• [Stored data]
((
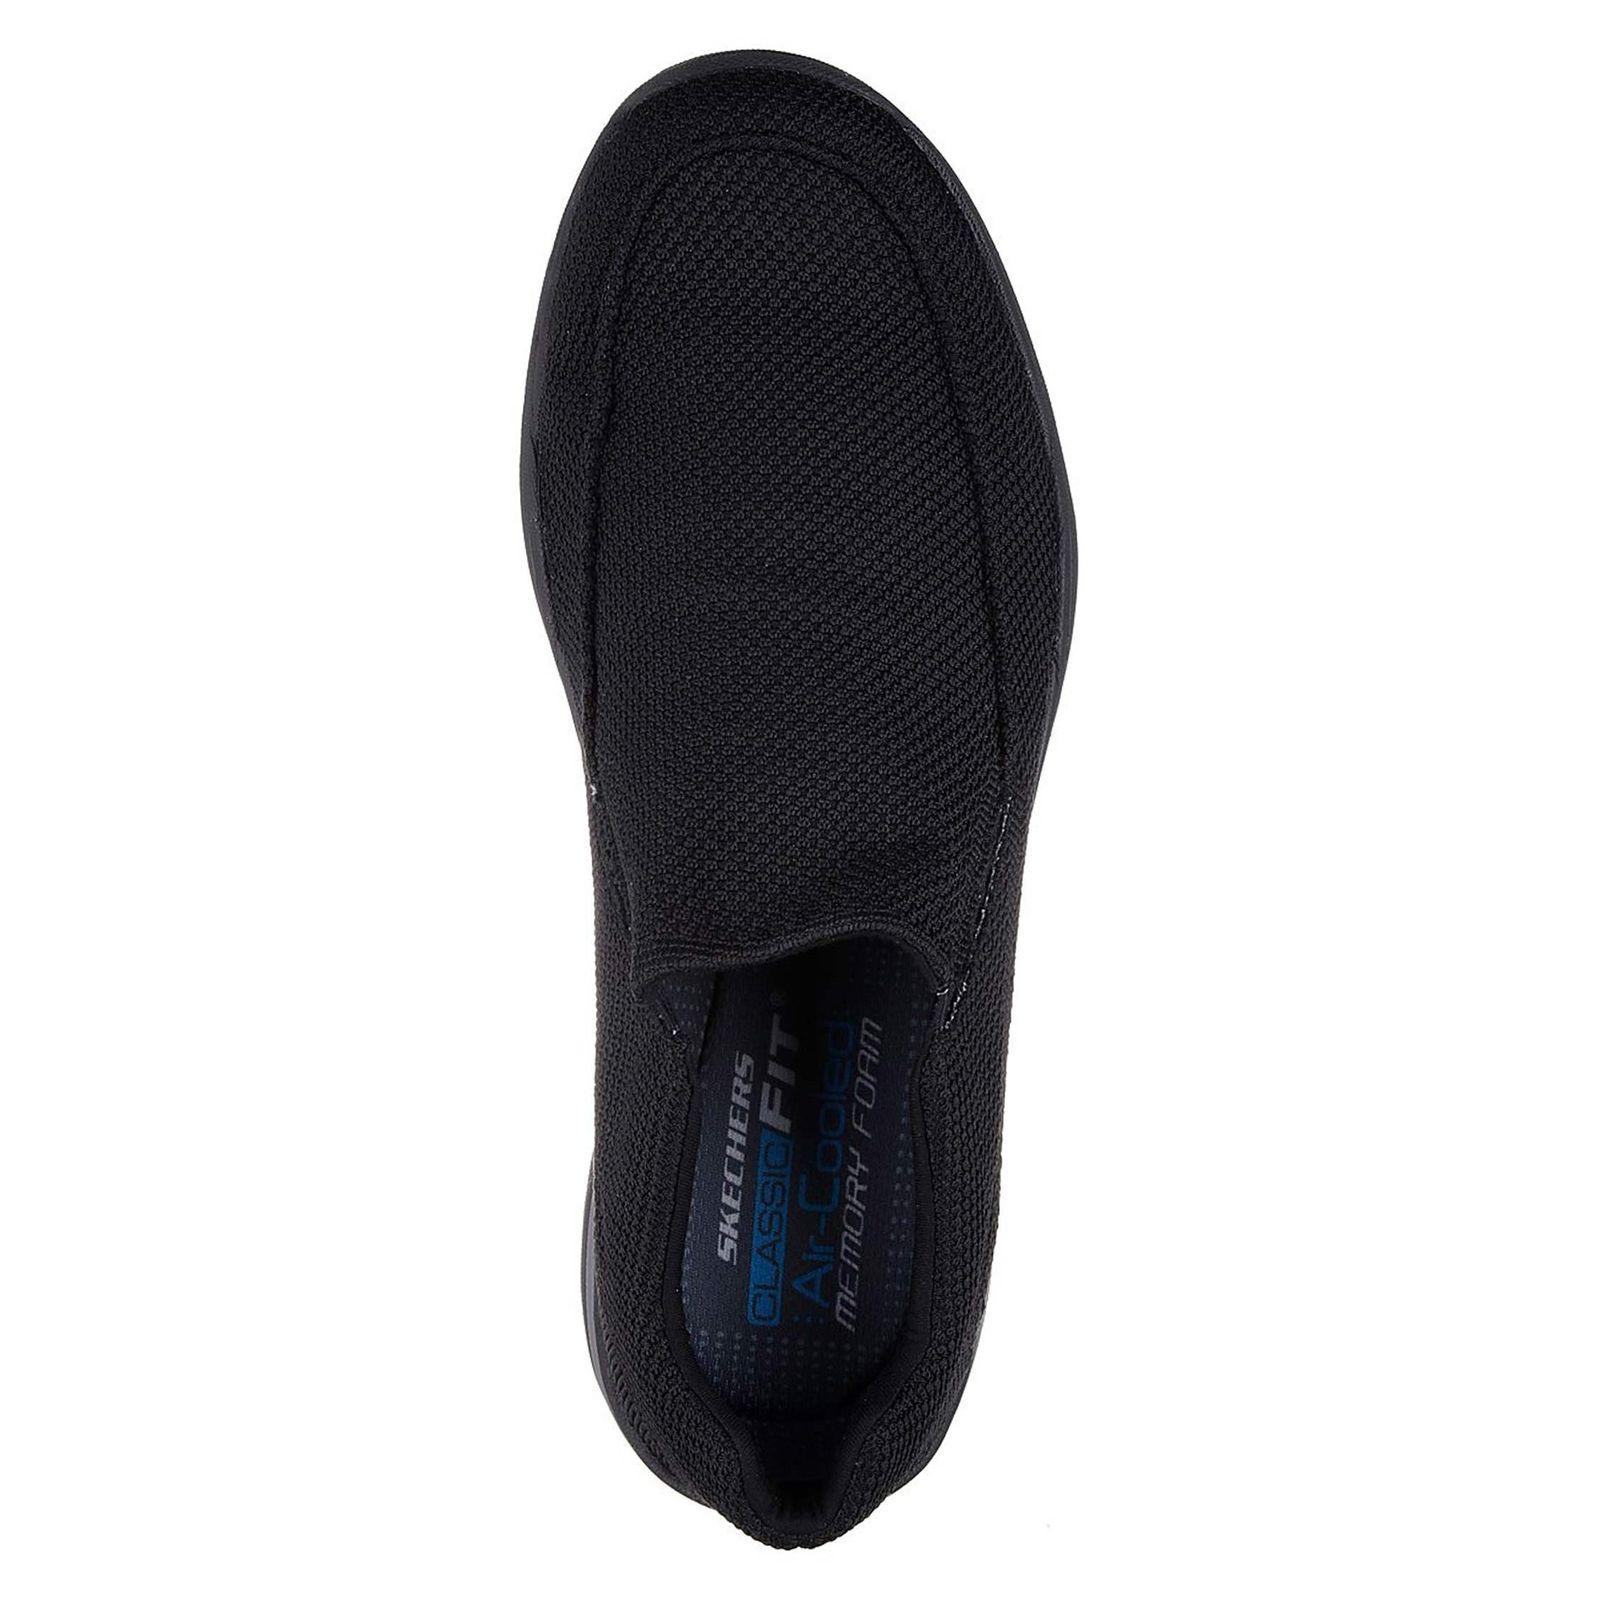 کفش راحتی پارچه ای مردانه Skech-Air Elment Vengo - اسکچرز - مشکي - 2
))
((
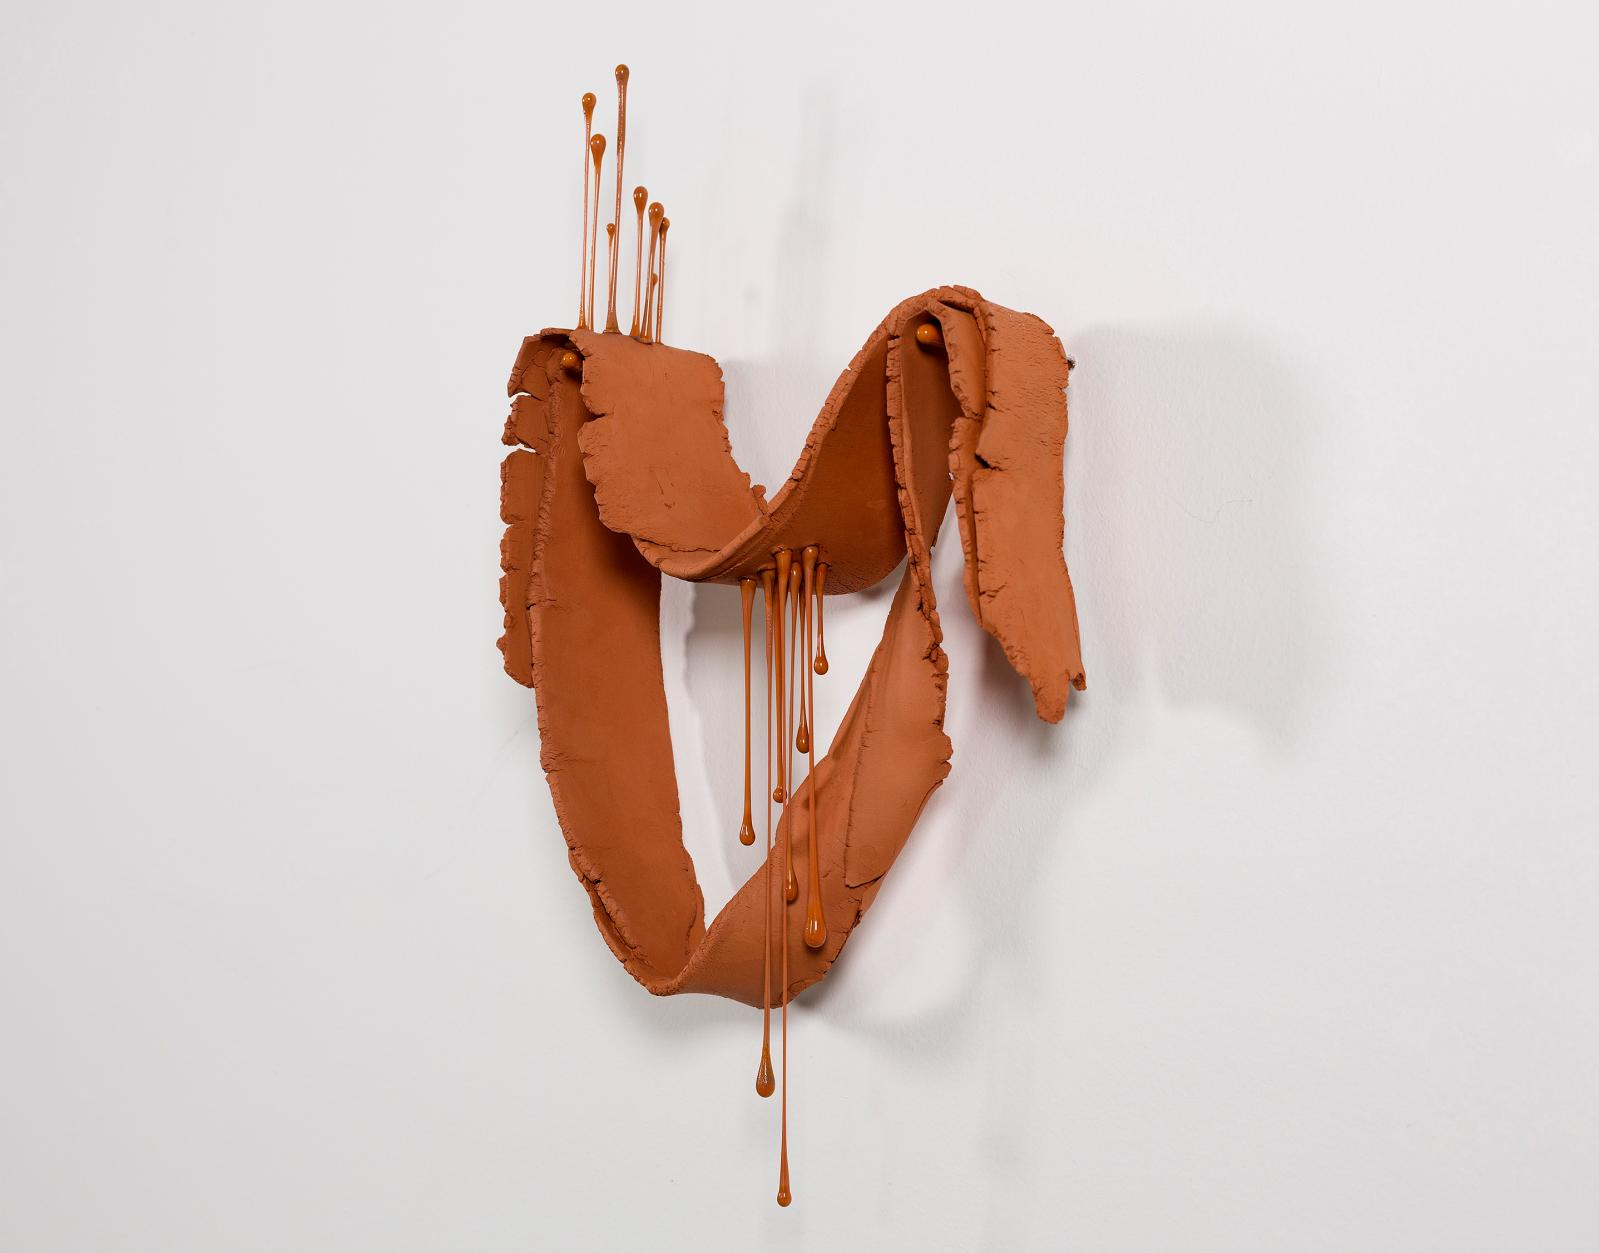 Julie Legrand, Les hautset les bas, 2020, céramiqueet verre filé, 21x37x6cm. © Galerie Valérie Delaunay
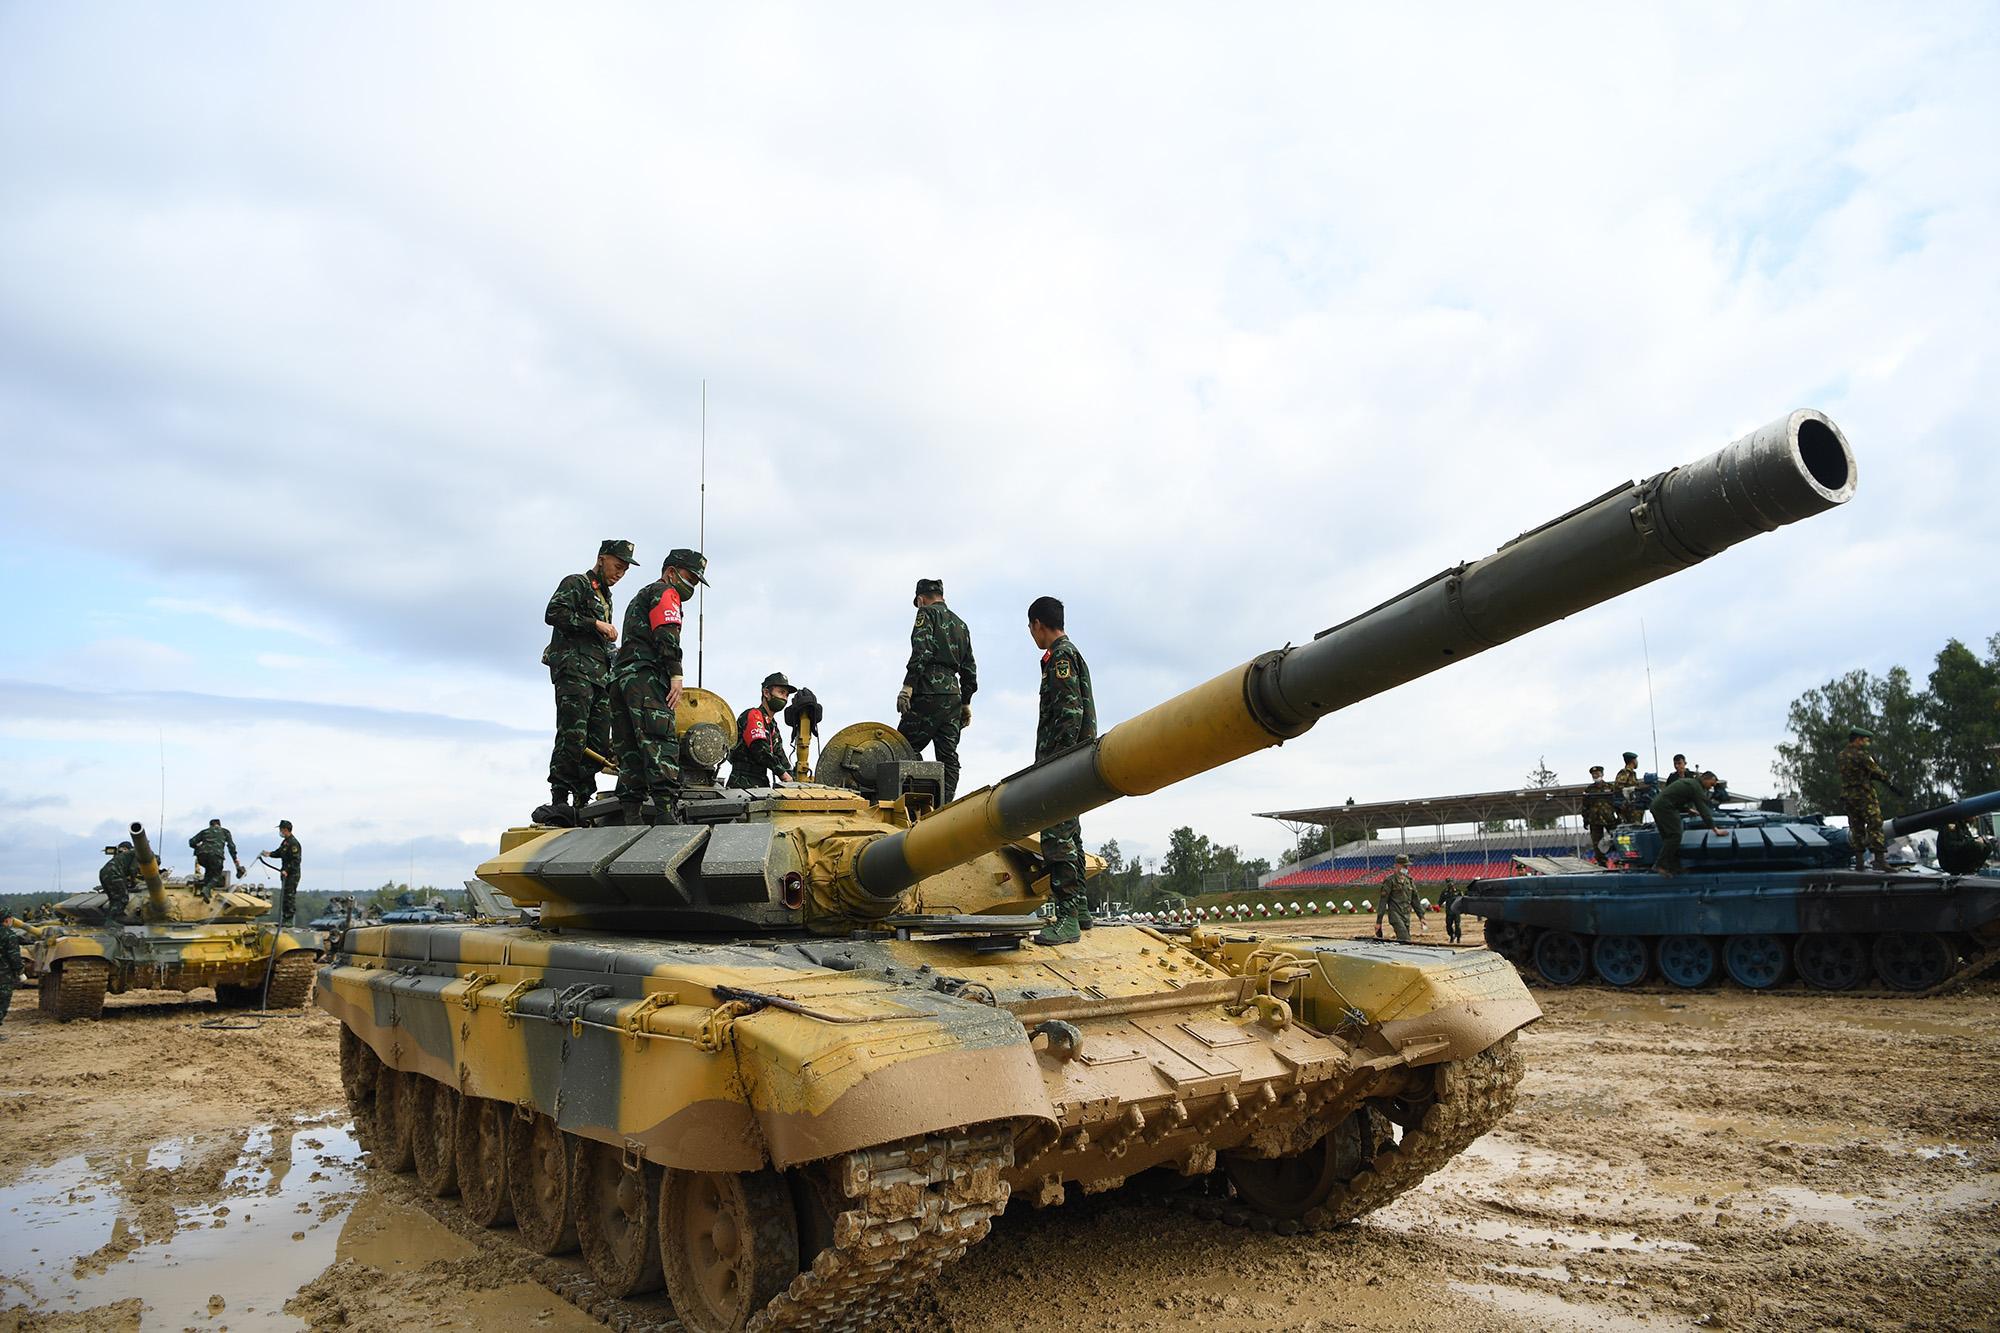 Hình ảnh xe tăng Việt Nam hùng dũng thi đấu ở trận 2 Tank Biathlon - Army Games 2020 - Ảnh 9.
))
• [What you will do] In the listing above, find the line containing "Julie Legrand, Les" and the line containing "Hình ảnh xe", then return both of them and every line between, exactly, without pictures.

• [Answer to this exercise]
 Julie Legrand, Les hautset les bas, 2020, céramiqueet verre filé, 21x37x6cm. © Galerie Valérie Delaunay
 Hình ảnh xe tăng Việt Nam hùng dũng thi đấu ở trận 2 Tank Biathlon - Army Games 2020 - Ảnh 9.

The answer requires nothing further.